Key Features & Benchmark Performance
Overview
MiniMax M3, the first open-weight model with three frontier capabilities, pairs frontier-level software engineering and agentic performance with a 1M-token context window and multimodal understanding trained in from step zero, enabling developers to run long-horizon coding agents, whole-codebase analysis, and image & video grounded workflows with greater efficiency and reliability.
As a next-generation agentic foundation model, MiniMax M3 sets a new benchmark for what an open model can do at extreme context lengths — closing the gap with the small set of closed frontier systems that, until now, were the only ones to own all three capabilities at once.
Highlights
Frontier coding and agentic capability, with autonomous task decomposition, tool invocation, and multi-step reasoning.
A 1M-token context window powered by MSA, with a guaranteed minimum of 512K tokens.
Native multimodality across text, image, and video inputs — plus computer-use, baked into the model rather than bolted on.
The first open-weight model to combine all three frontier capabilities in one system.
Benchmark Performance
Coding and agentic capabilities are key areas of improvement for MiniMax M3.
SWE-Bench Pro: Outperforms GPT-5.5 and Gemini 3.1 Pro on software-engineering tasks, approaching Opus 4.7.
BrowseComp: 83.5, surpassing Opus 4.7 (79.3) on autonomous browsing and information retrieval.
SVG-Bench: 63.7, edges out Opus 4.7 (62.3) , GPT-5.5 (58.2) and Gemini 3.1 Pro (59.2) on SVG generation performance.

Architectural Innovations
MiniMax M3 introduces MiniMax Sparse Attention (MSA), a clean and scalable architecture that makes context a dimension can actually scale. Its enhancements include:
Precise KV-block selection: MSA adds a lightweight screening stage that chunks the KV cache more accurately than schemes like DSA and MoBA, giving higher effective context coverage instead of just cheaper attention.
Operator-level optimization: A KV-outer-gather-Q kernel reads each block once with contiguous memory access, running more than 4× faster than open implementations such as Flash-Sparse-Attention and flash-moba.

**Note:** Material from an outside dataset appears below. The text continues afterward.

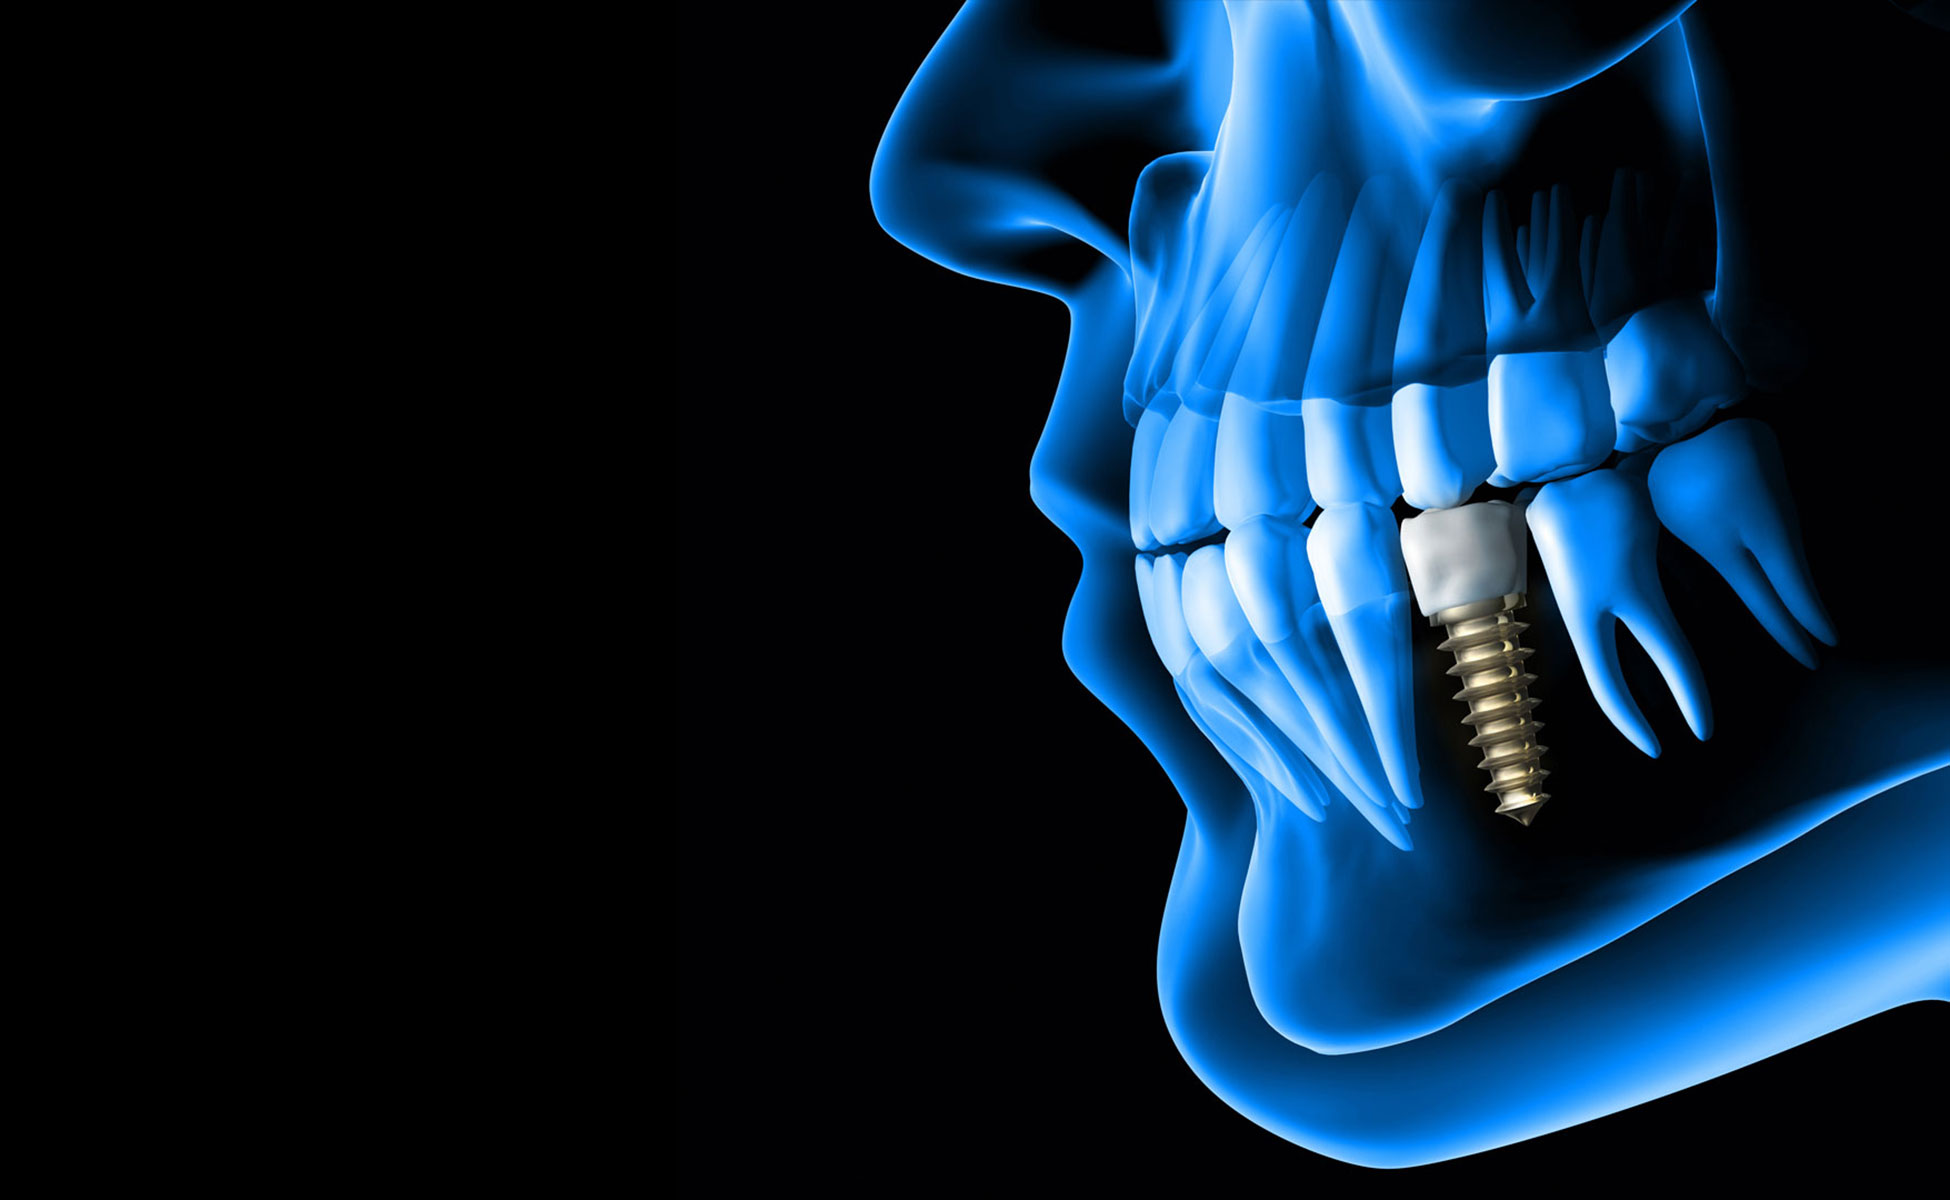 Plavi 3D prikaz lijevog profila gornje i donje čeljusti s implantatom u donoj čeljusti

Order-of-magnitude efficiency at scale: At 1M tokens, M3 spends about 1/20 the per-token compute of the prior generation, with prefill accelerated more than 9× and decoding more than 15×.

Real-World Applications
MiniMax M3 empowers developers and businesses to create cutting-edge solutions for:
Autonomous research and paper reproduction: Handed an ICLR 2025 Outstanding Paper, M3 ran for nearly 12 hours on its own, producing 18 commits and 23 experimental figures and successfully replicating the core results — reading the paper's charts and formulas, holding paper, code, and logs in a single context window, and driving the whole long-horizon job to completion.
Long-horizon systems engineering: Starting from only a task description and a non-runnable Triton skeleton, M3 optimized an FP8 GEMM kernel on NVIDIA Hopper GPUs across 147 benchmark submissions and 1,959 tool calls, pushing hardware peak utilization from 7.6% to 71.3% — a 9.4× speedup with zero human intervention.

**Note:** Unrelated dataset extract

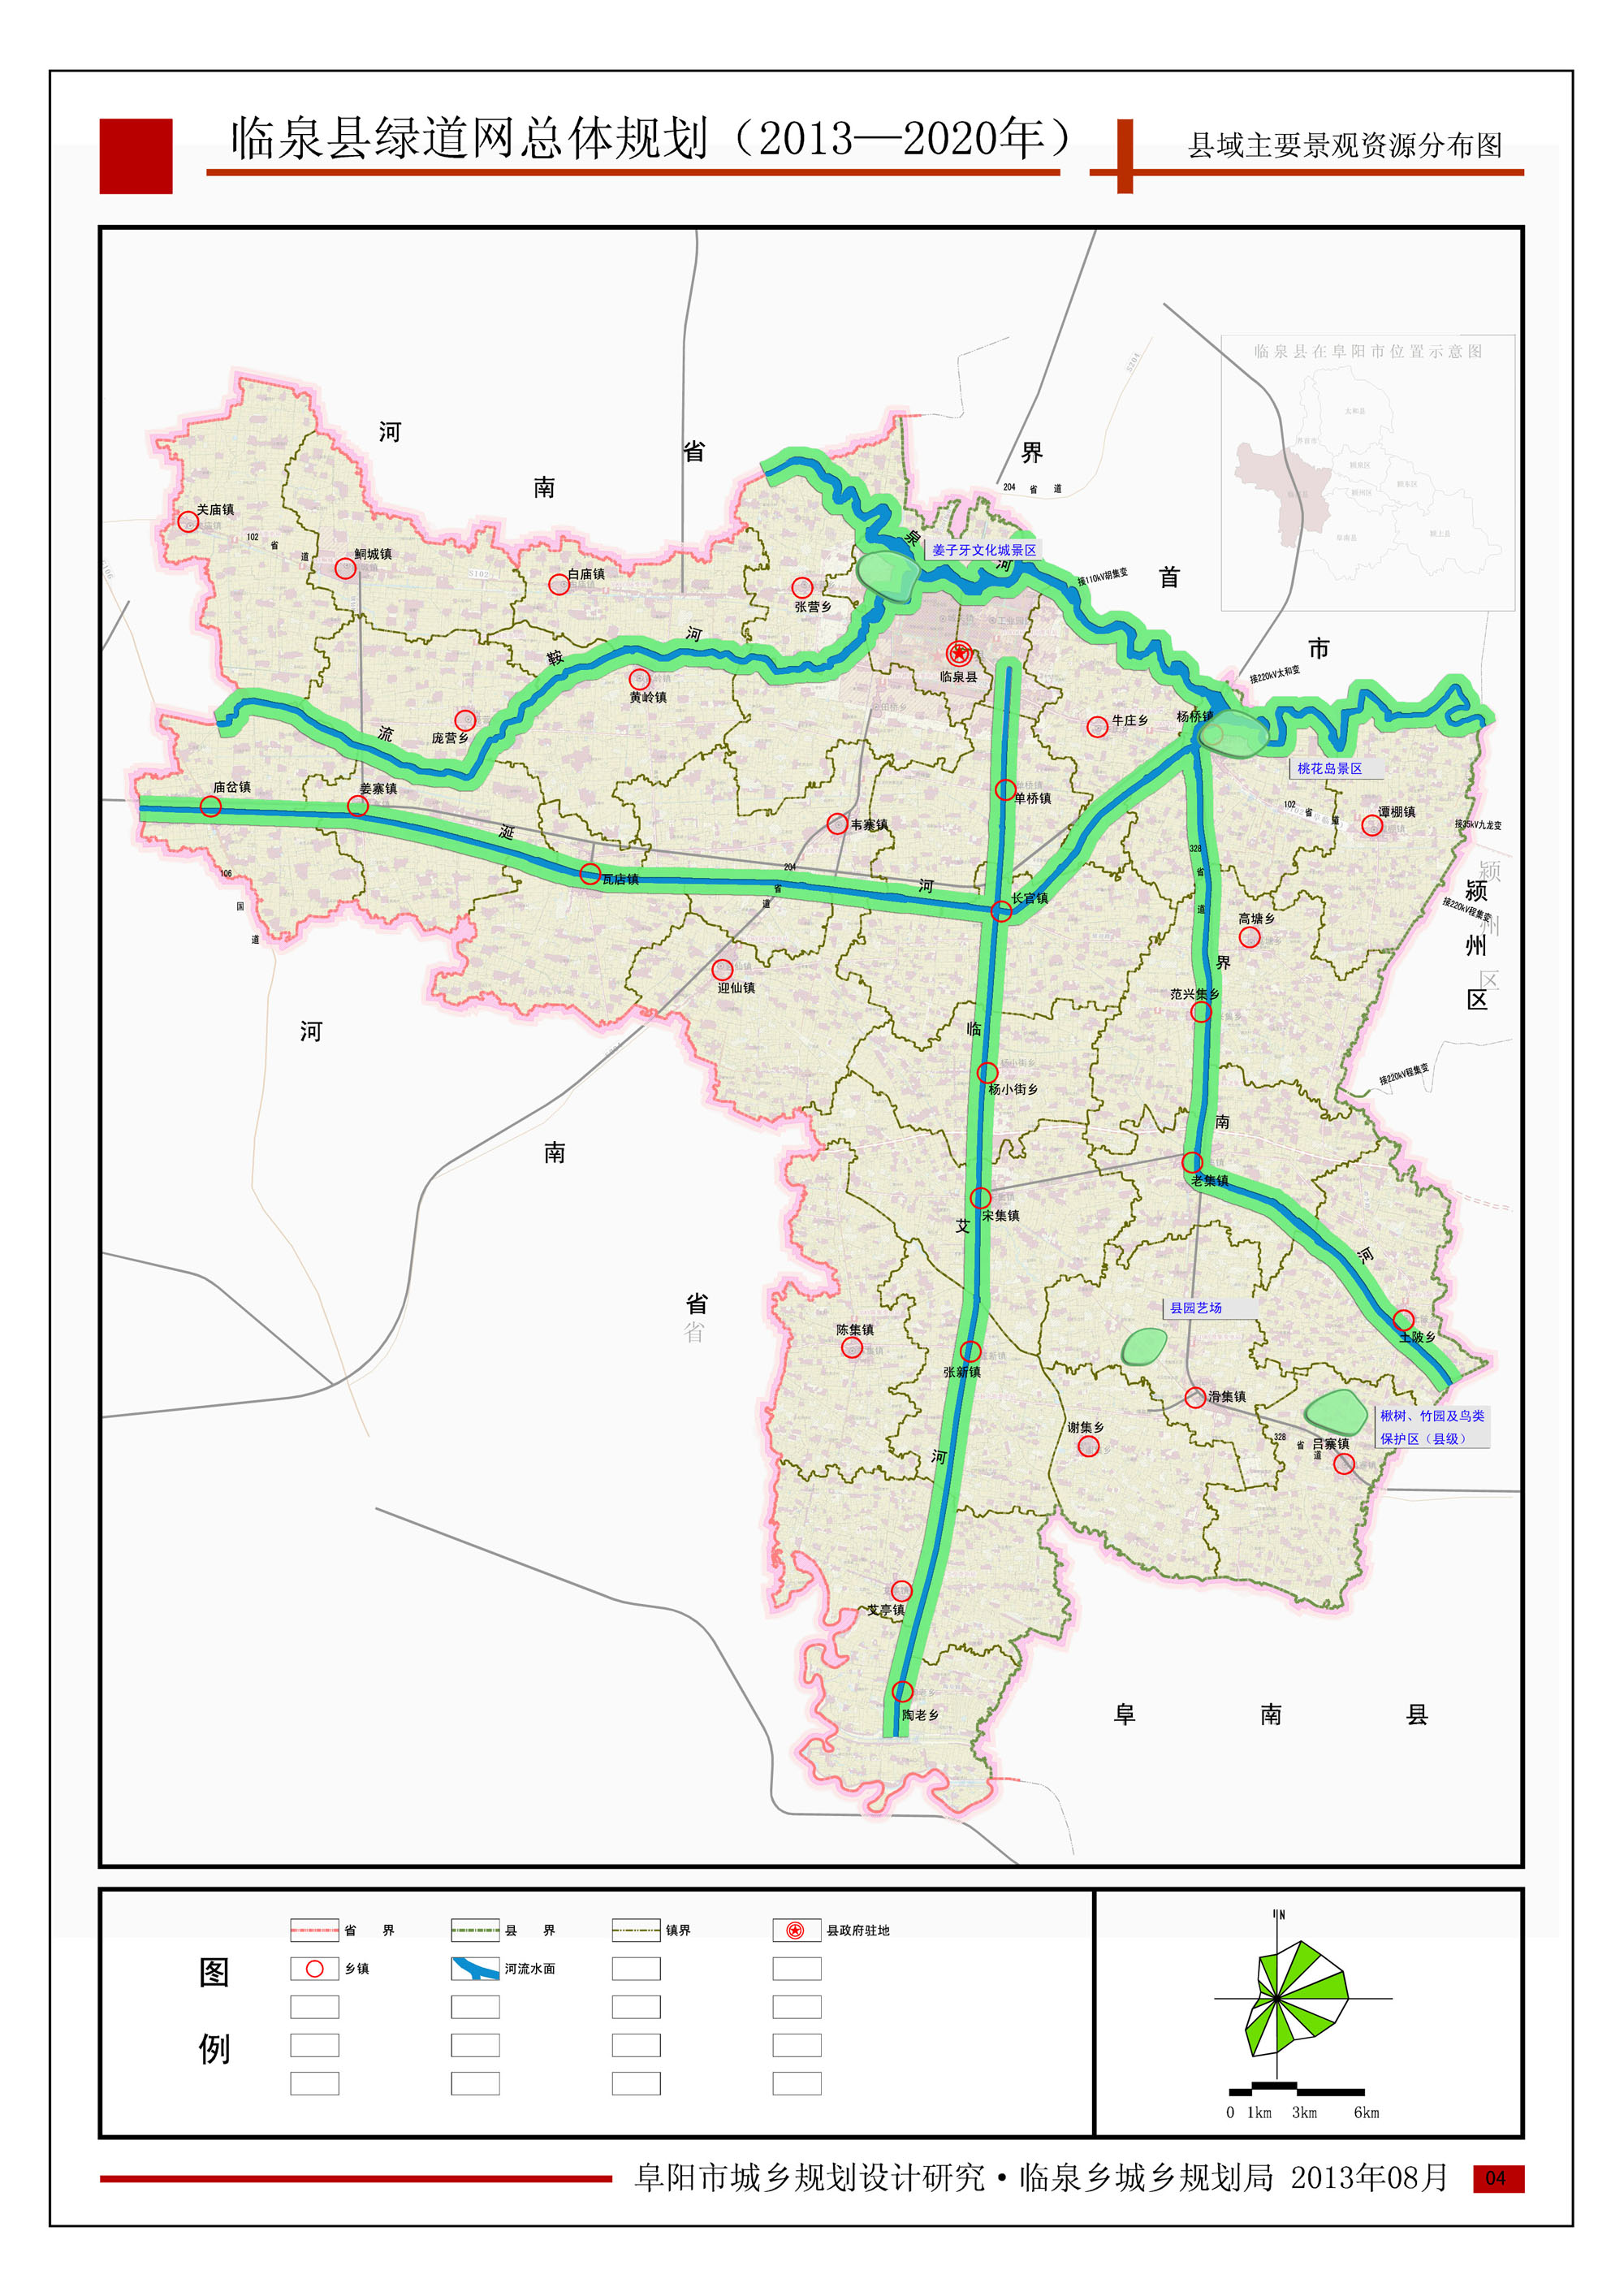 临泉县绿道规划(2013-2020)公示

Self-improving ML pipelines: Given four pretrain-only base models, M3 autonomously ran data synthesis, training, evaluation, and iteration within 12 hours to make them usable for math, code, and knowledge tasks — no human in the loop.
From AI-native software development to scientific research, the model helps teams accelerate development and unlock new AI-driven possibilities.
Get Started Immediately
Bulid: Try MiniMax M3 in the SiliconFlow playground.
Explore: More models from MiniMax such as MiniMax-M2.5 on SiliconFlow.
Integrate: Use our OpenAI-compatible API. Explore the full API specifications in the SiliconFlow API documentation.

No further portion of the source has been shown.